===== DATA EXCERPT =====
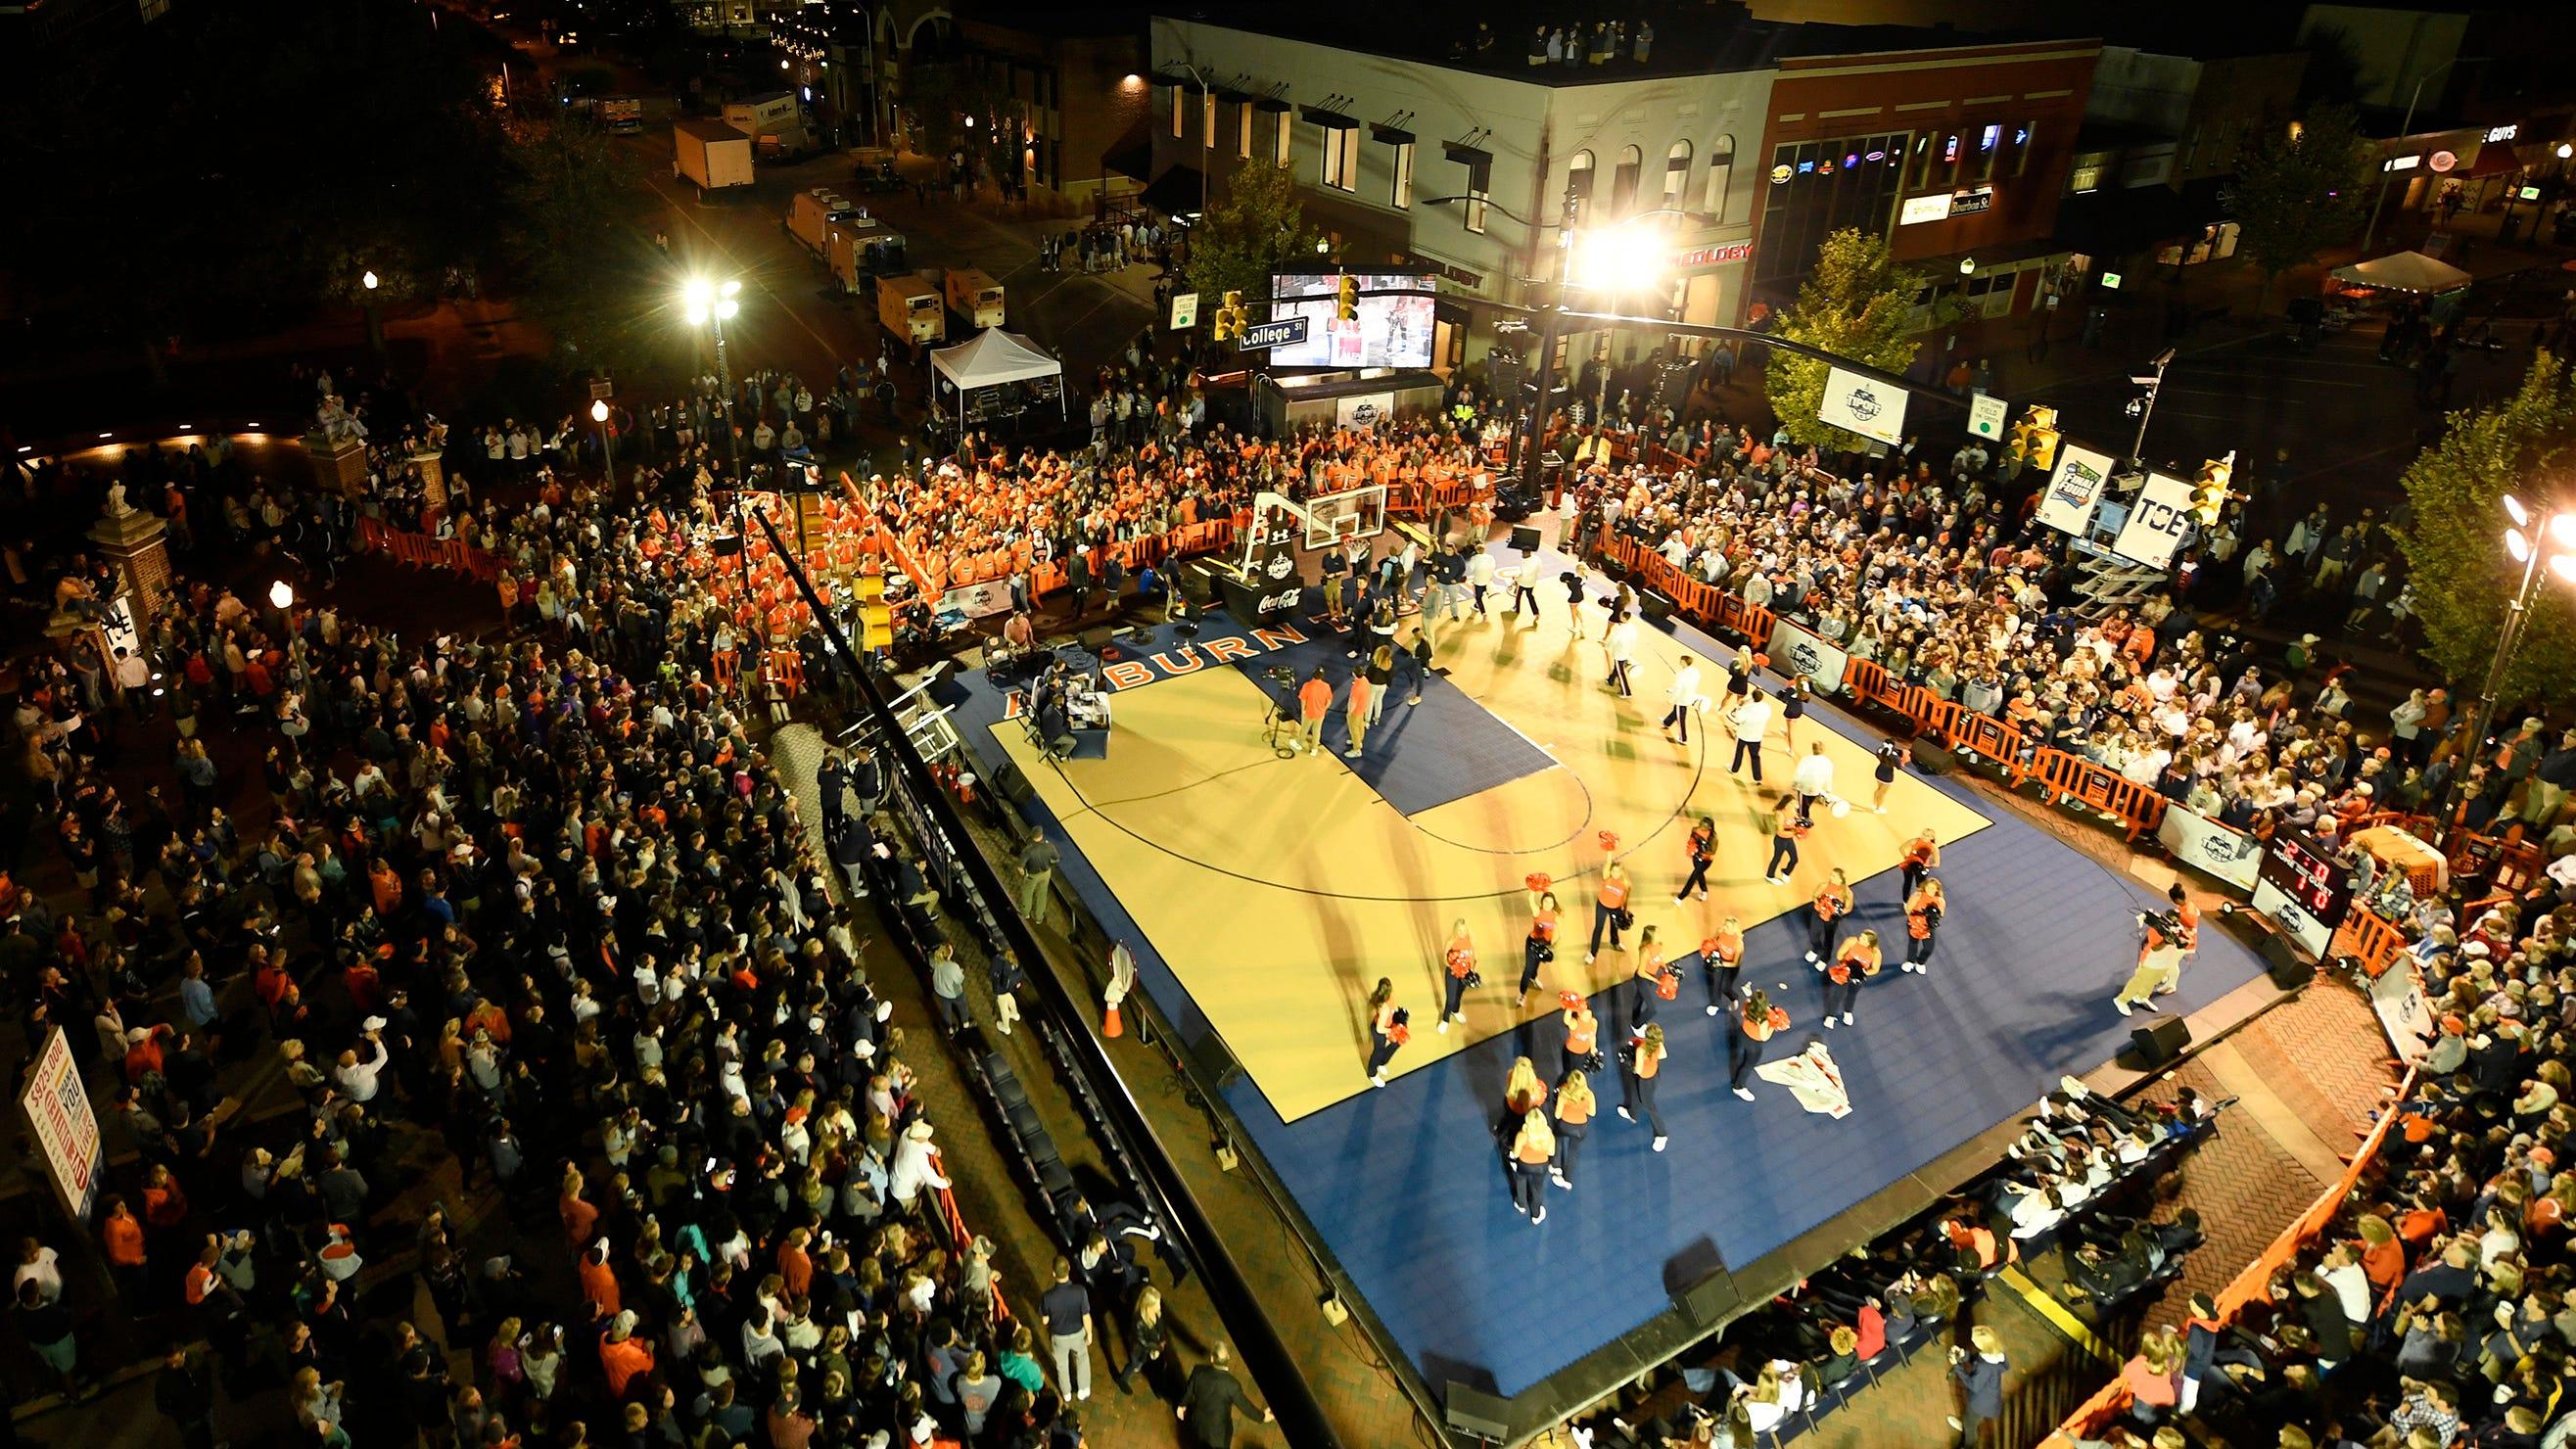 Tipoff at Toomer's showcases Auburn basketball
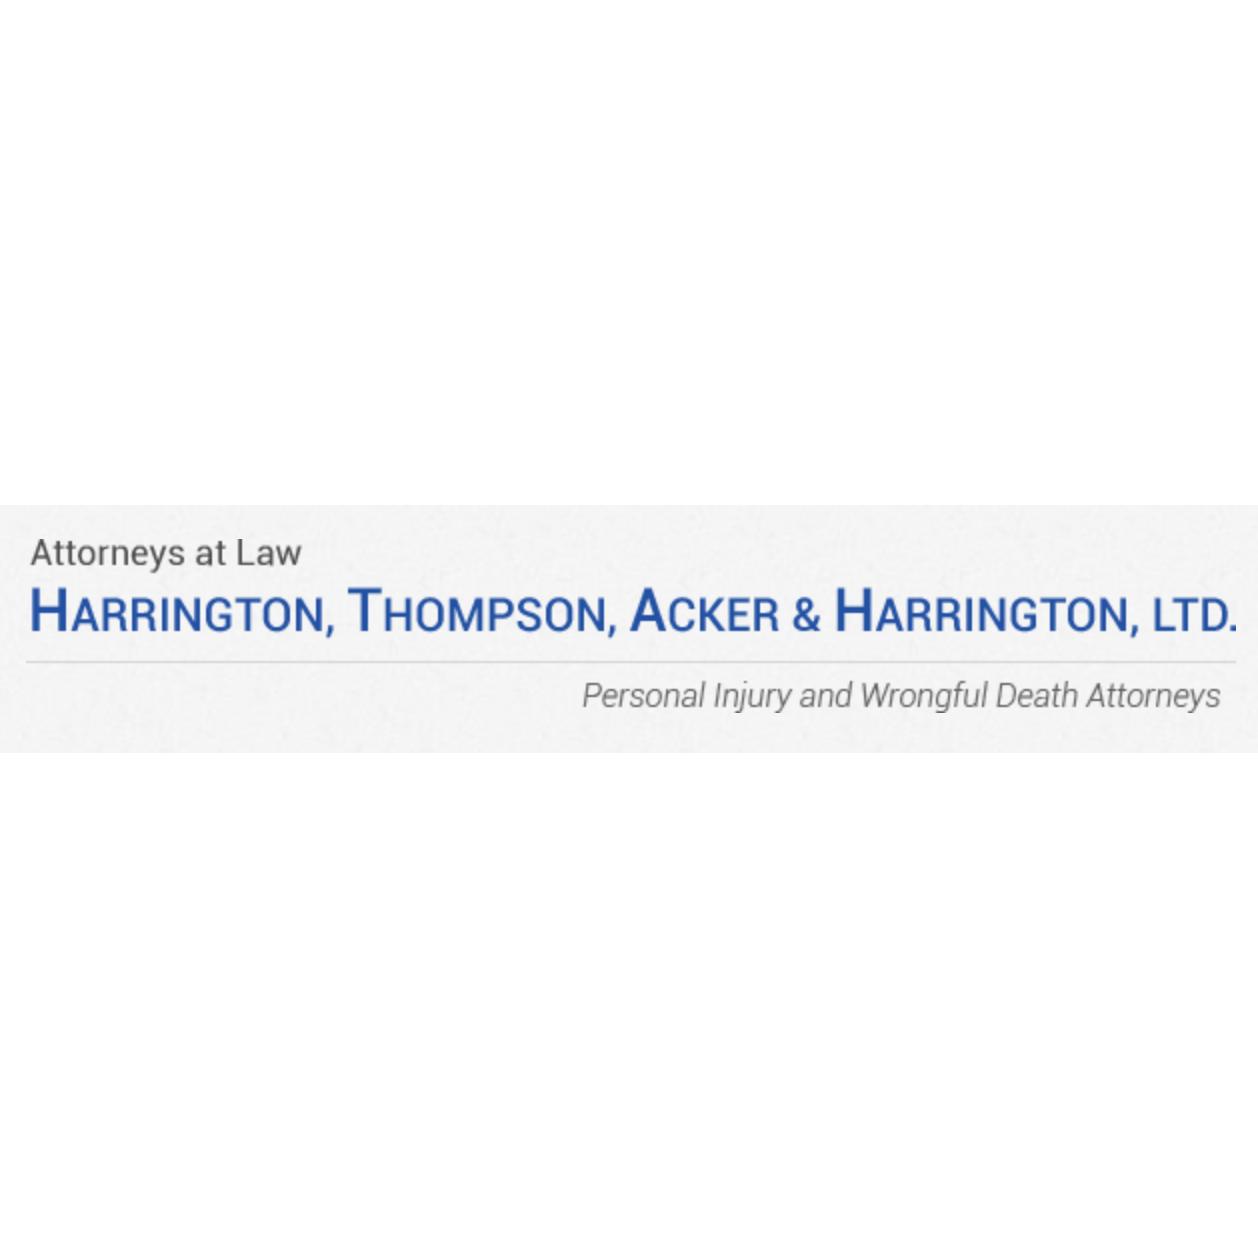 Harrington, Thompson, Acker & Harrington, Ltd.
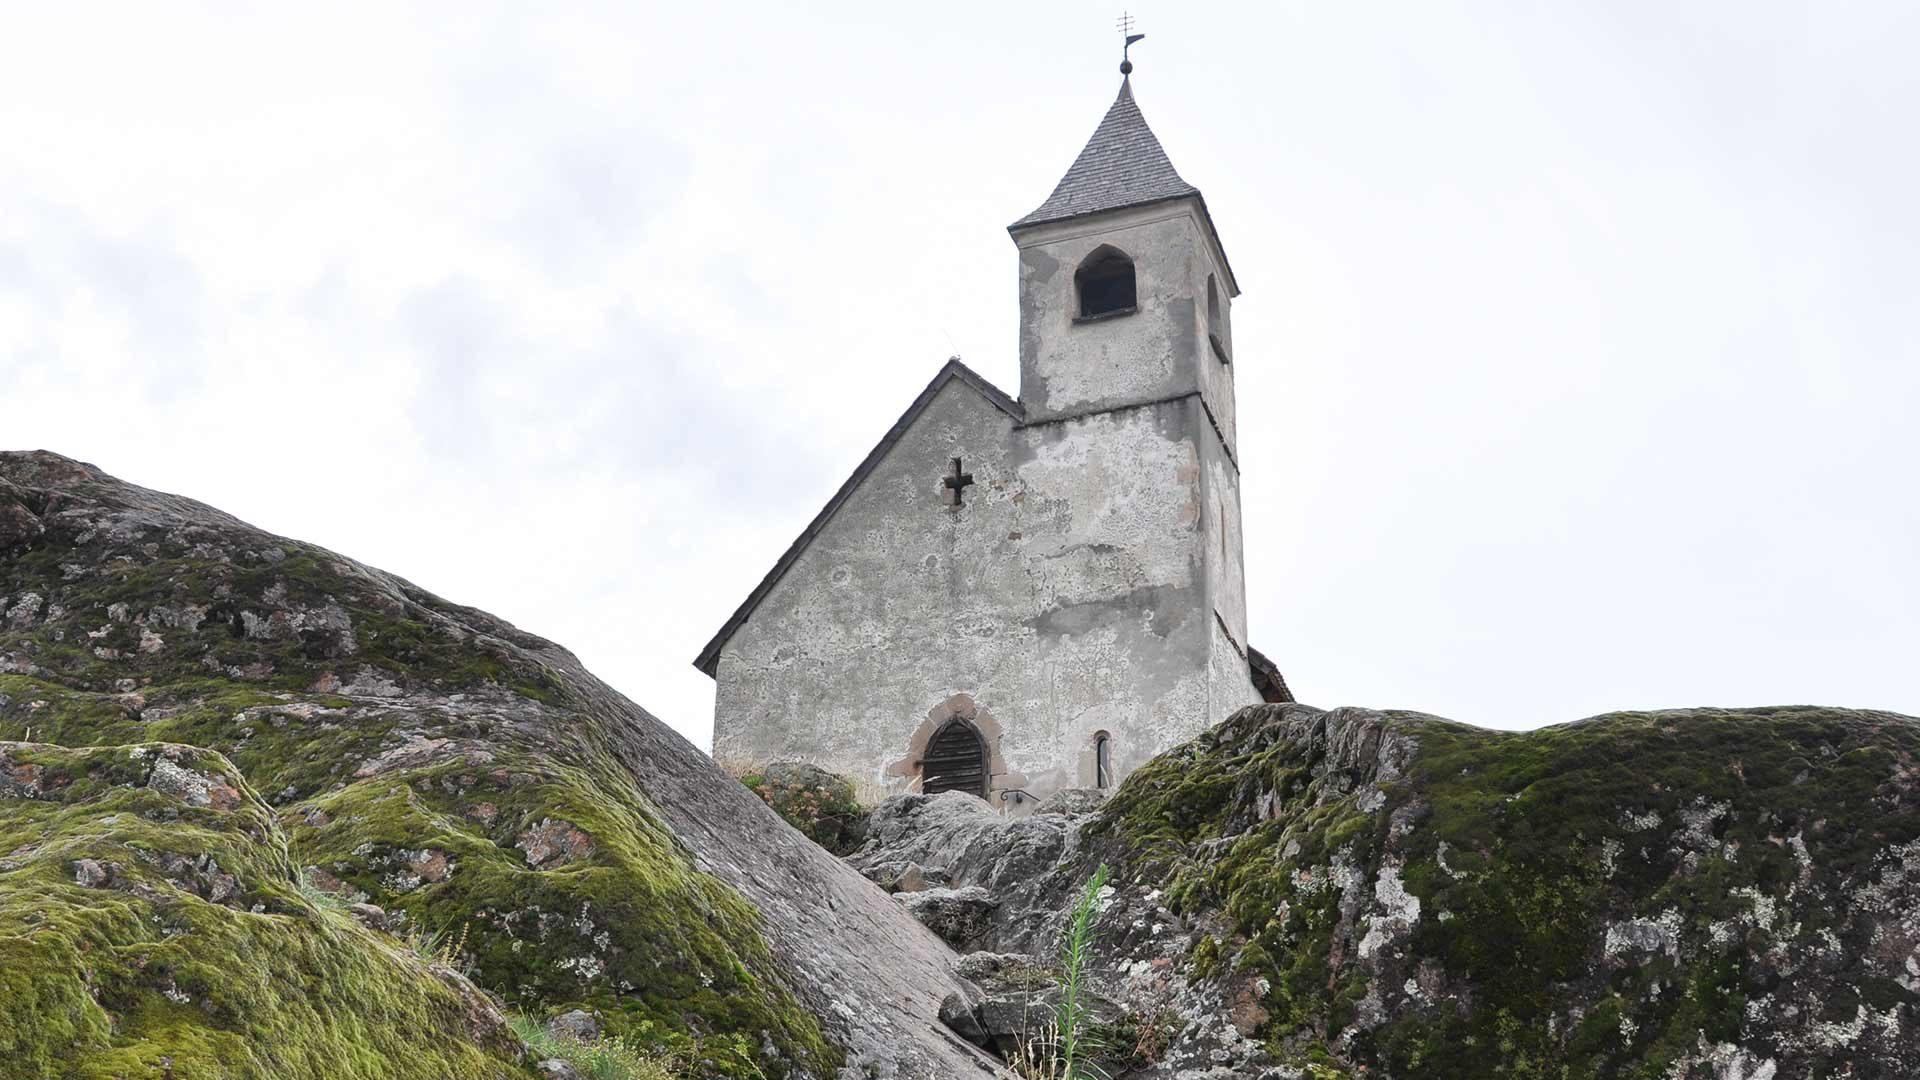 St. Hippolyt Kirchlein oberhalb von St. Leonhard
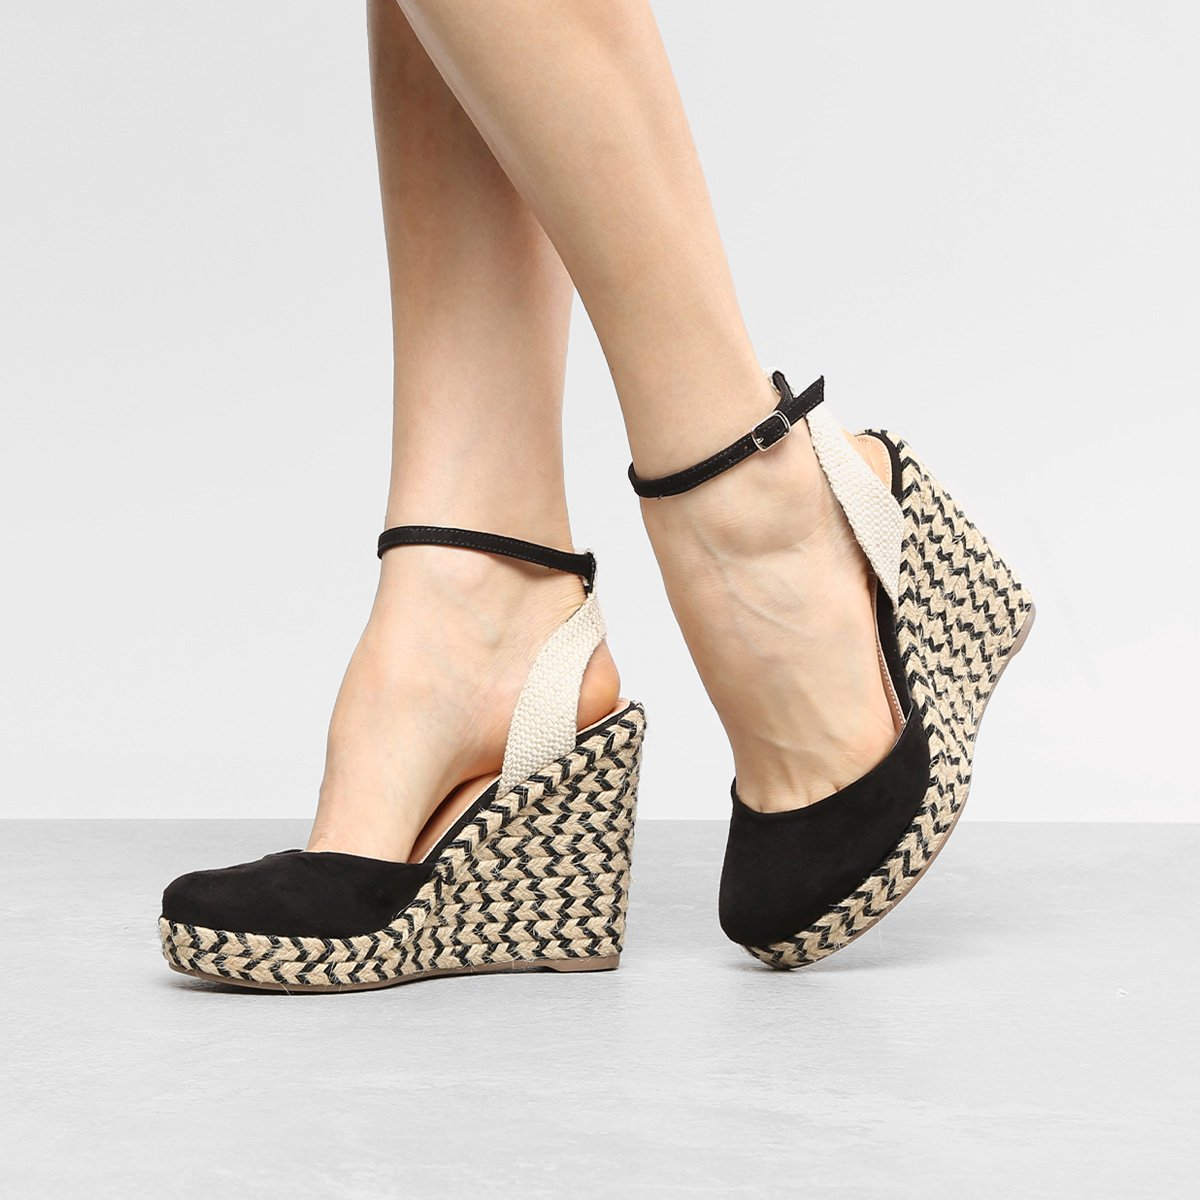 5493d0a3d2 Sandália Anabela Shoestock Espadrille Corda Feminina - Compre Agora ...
=====
* _ABOUT THIS EXERCISE_
Output a verbatim copy of the lines from the line containing "Harrington, Thompson, Acker" through the end of the data, both included, without any images.

* _WRITTEN REPLY_
 Harrington, Thompson, Acker & Harrington, Ltd.
 St. Hippolyt Kirchlein oberhalb von St. Leonhard
 5493d0a3d2 Sandália Anabela Shoestock Espadrille Corda Feminina - Compre Agora ...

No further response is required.